=== Problem statement ===
Below this line are records; transcribe exactly the lines between the one holding "Spectrum All Season" and the one holding "3-pack of black", inclusive, and omit the pictures.

=== Data for processing ===

────────────────

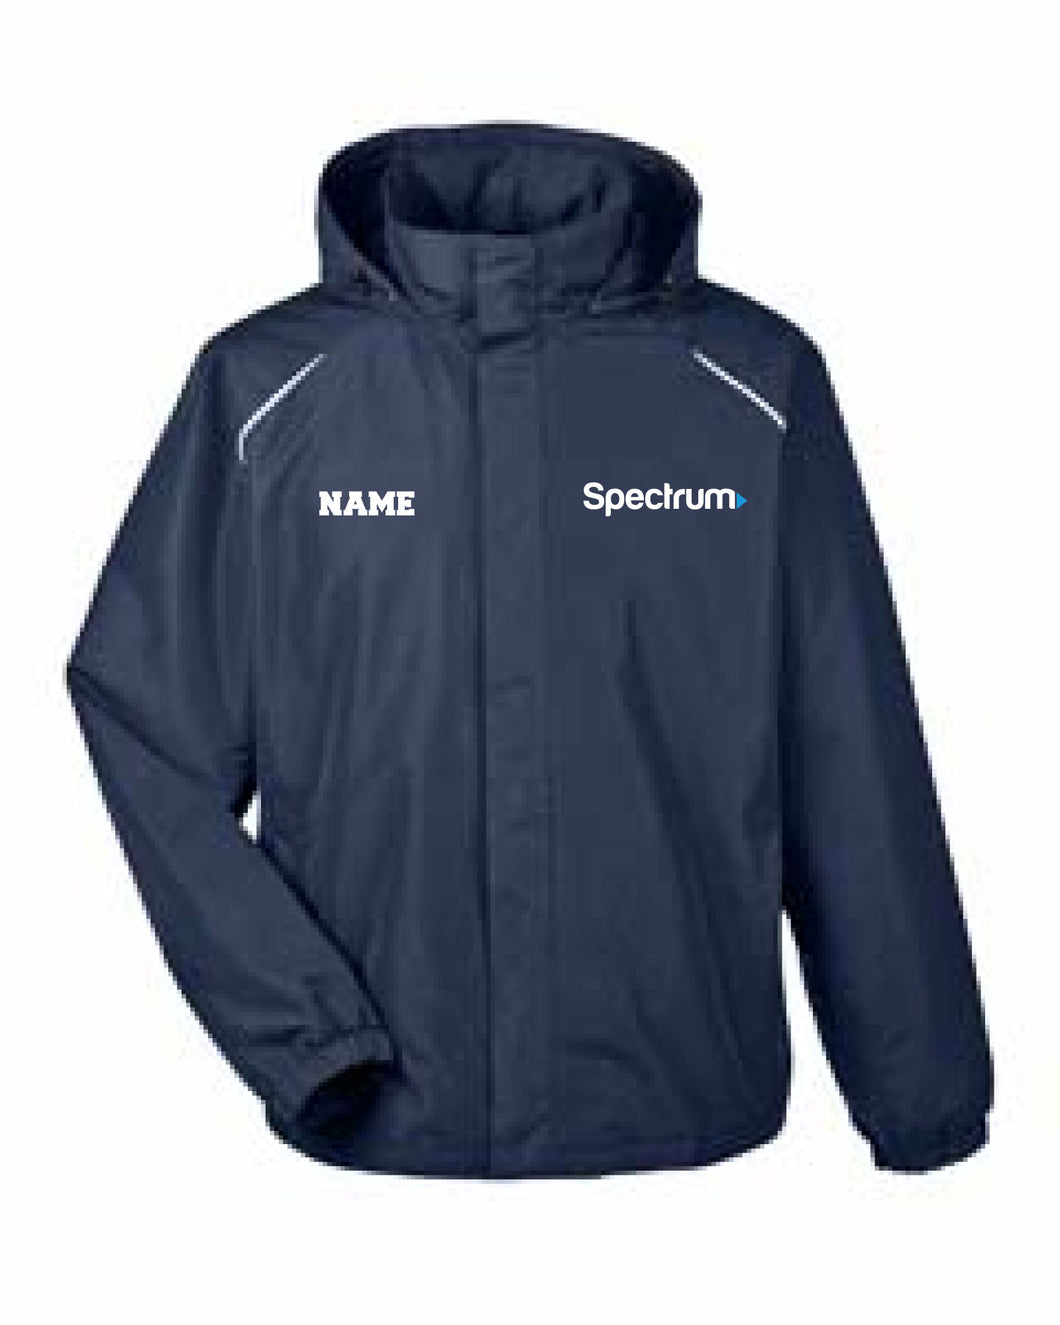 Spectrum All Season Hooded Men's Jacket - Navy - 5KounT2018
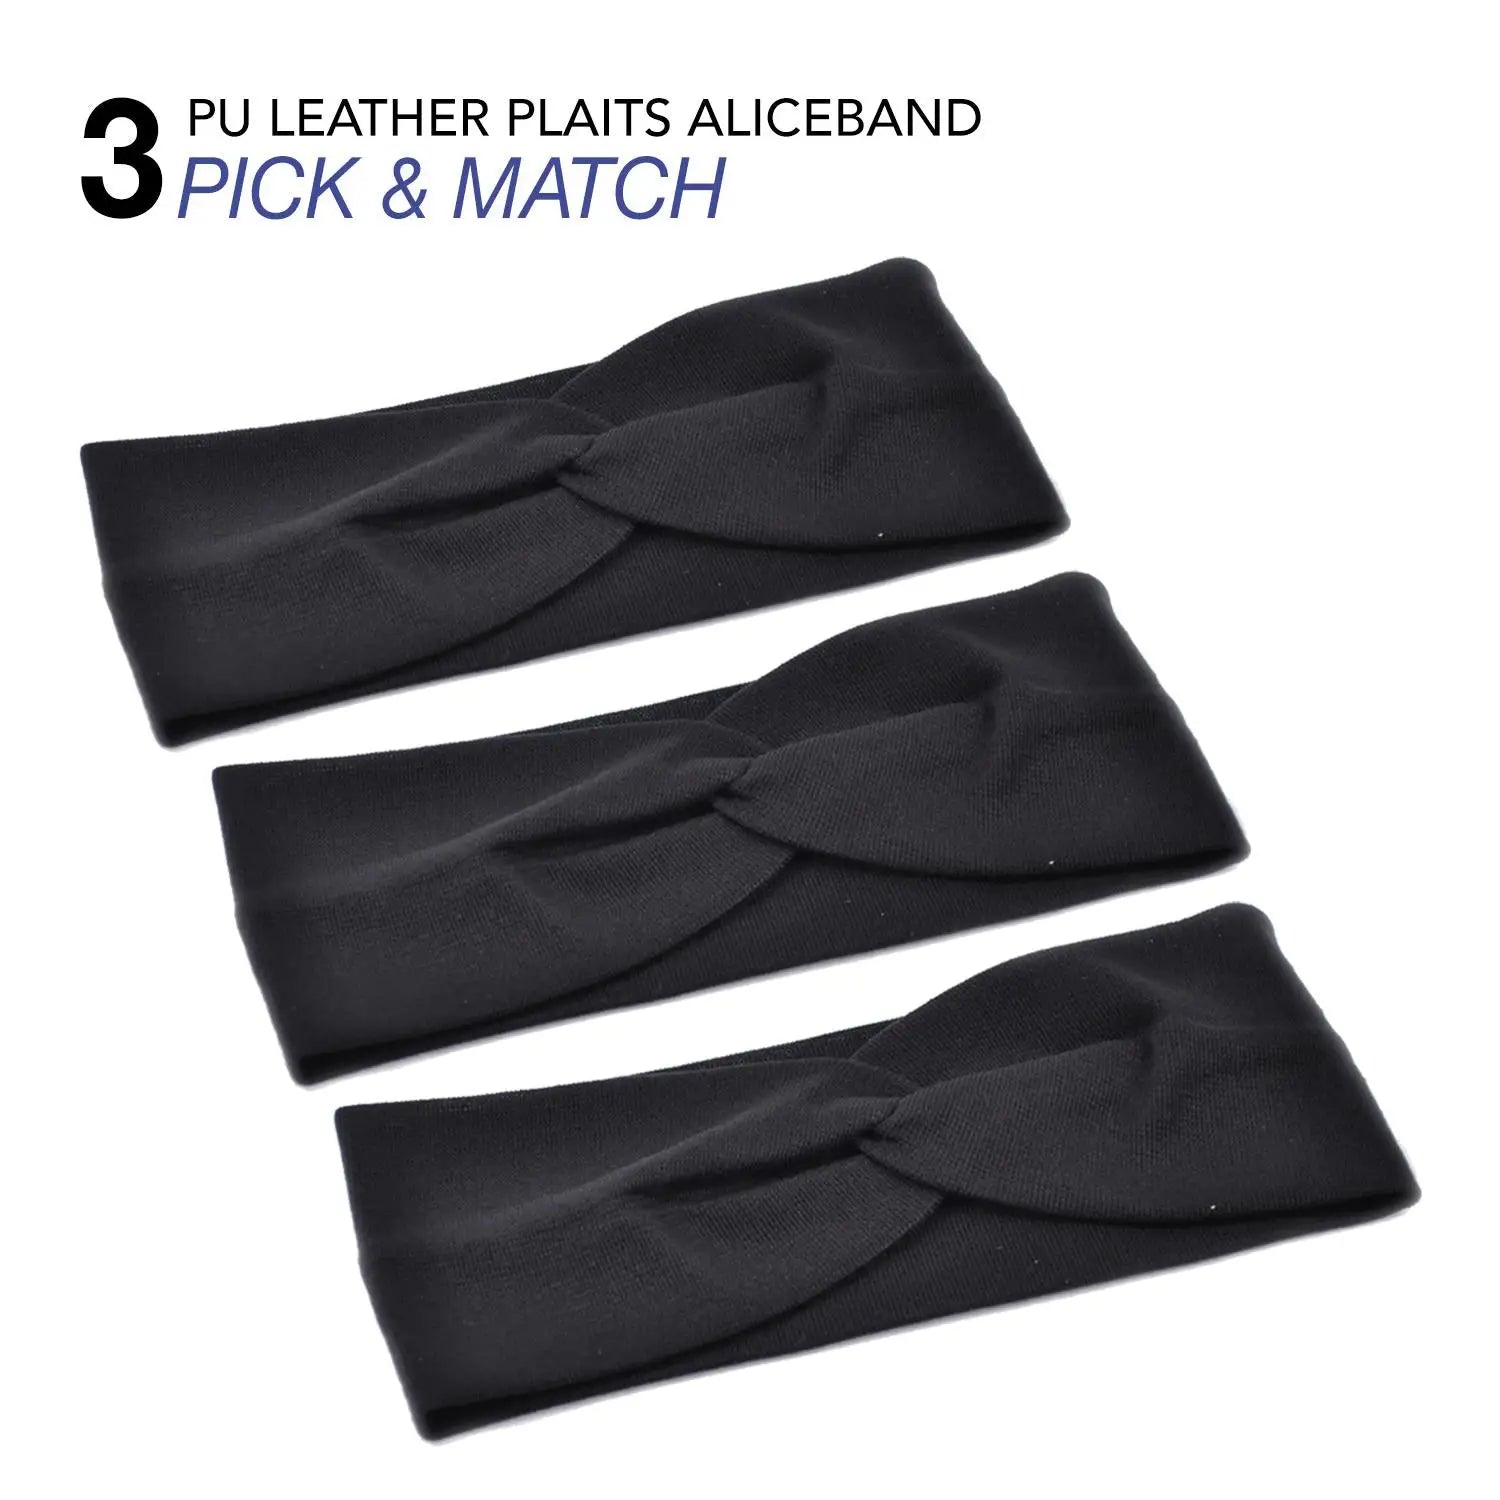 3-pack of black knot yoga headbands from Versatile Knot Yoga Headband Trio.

────────────────

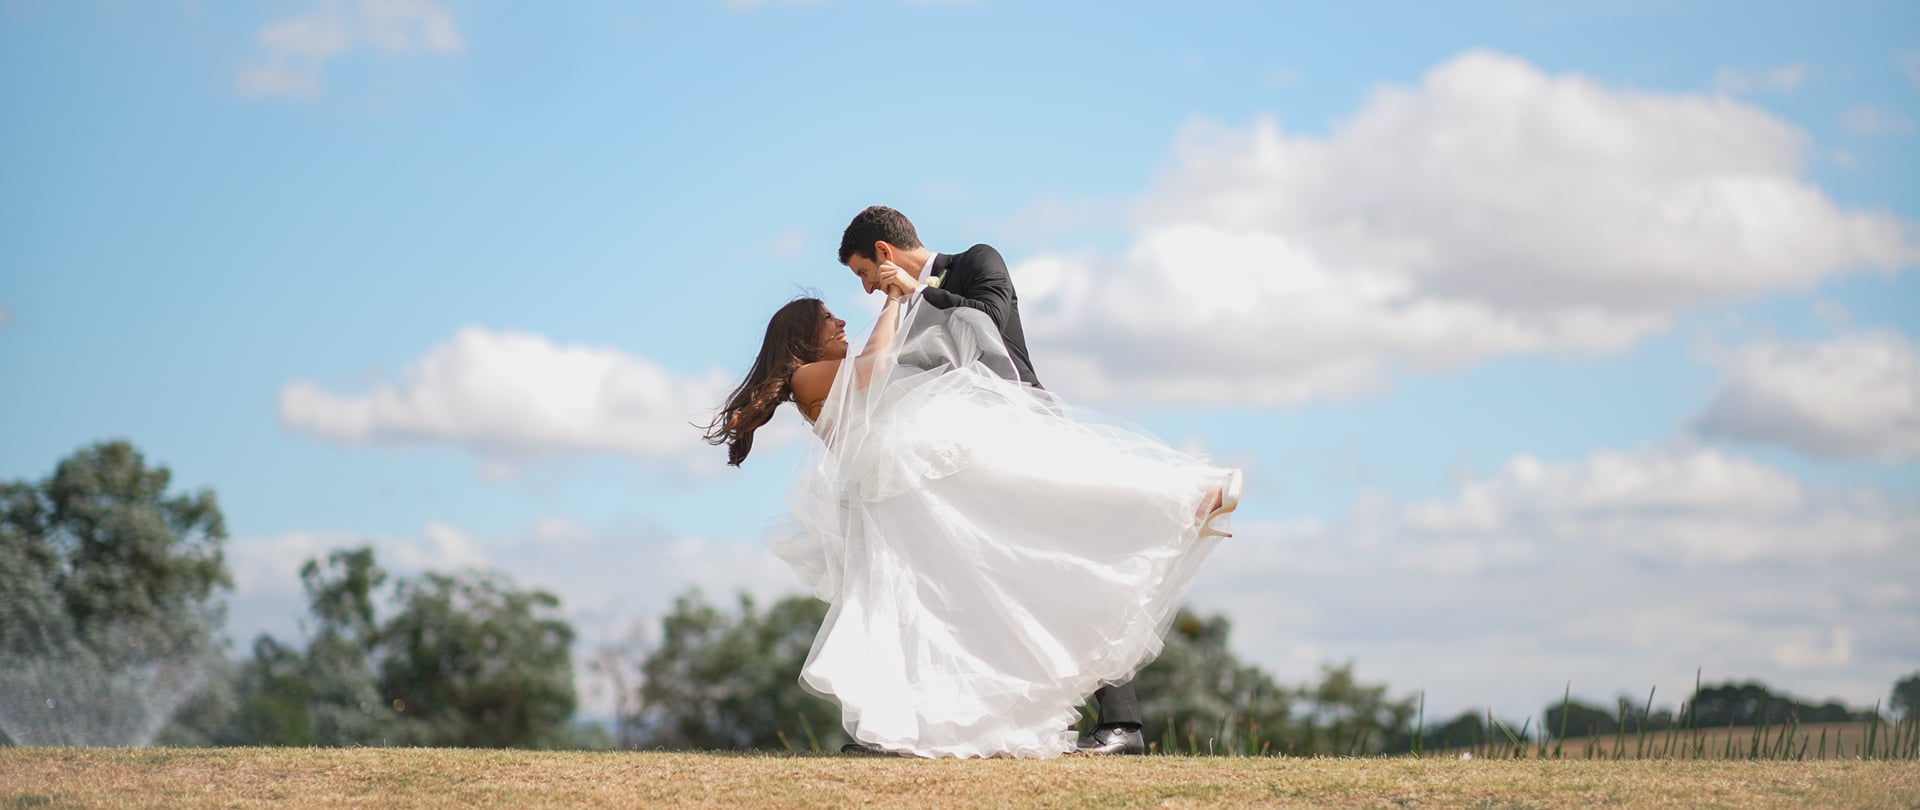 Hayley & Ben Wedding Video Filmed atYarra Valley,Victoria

────────────────

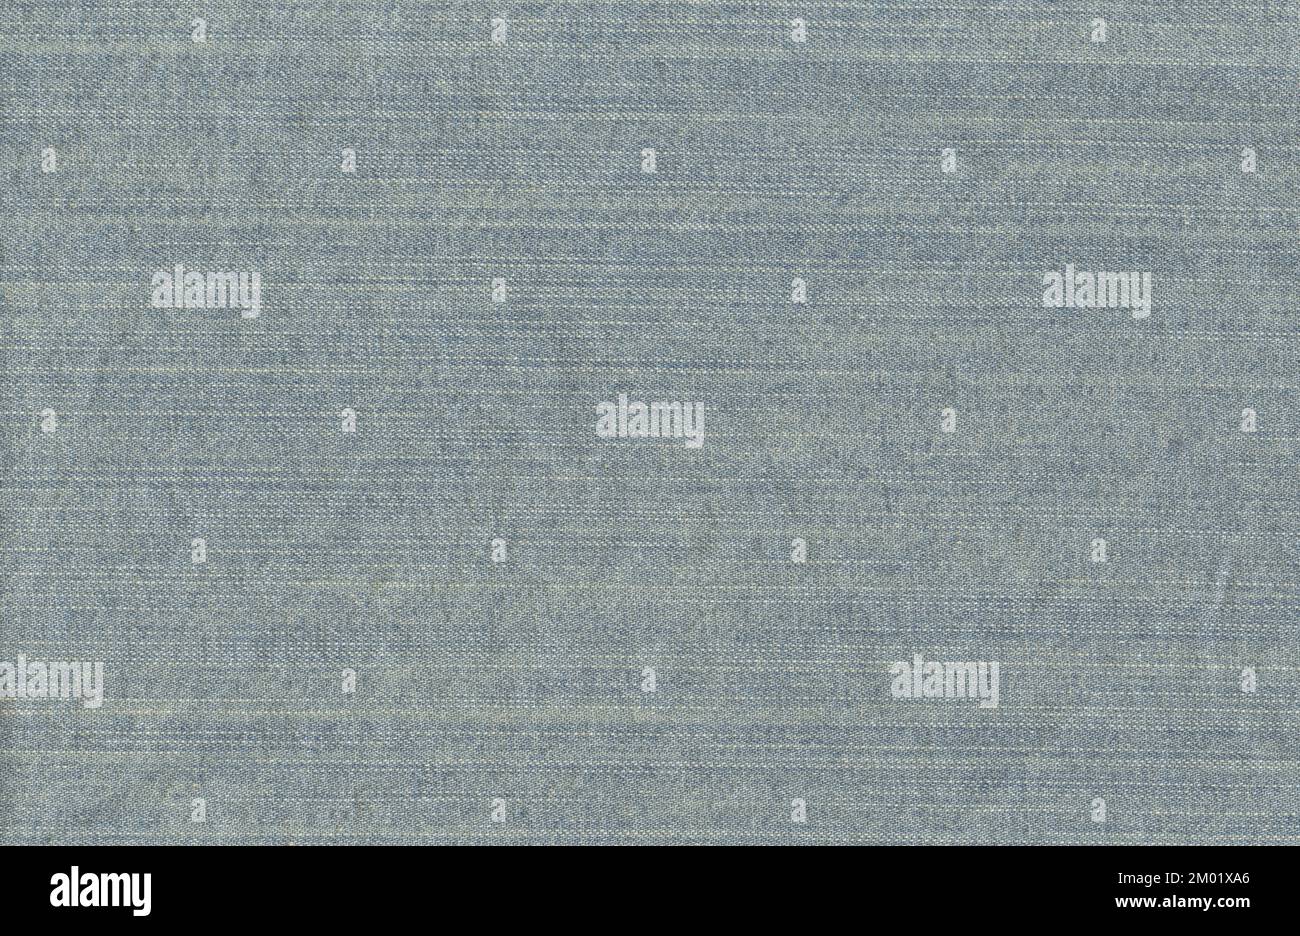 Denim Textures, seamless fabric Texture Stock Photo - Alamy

────────────────

=== Result of the task ===
 Spectrum All Season Hooded Men's Jacket - Navy - 5KounT2018
 3-pack of black knot yoga headbands from Versatile Knot Yoga Headband Trio.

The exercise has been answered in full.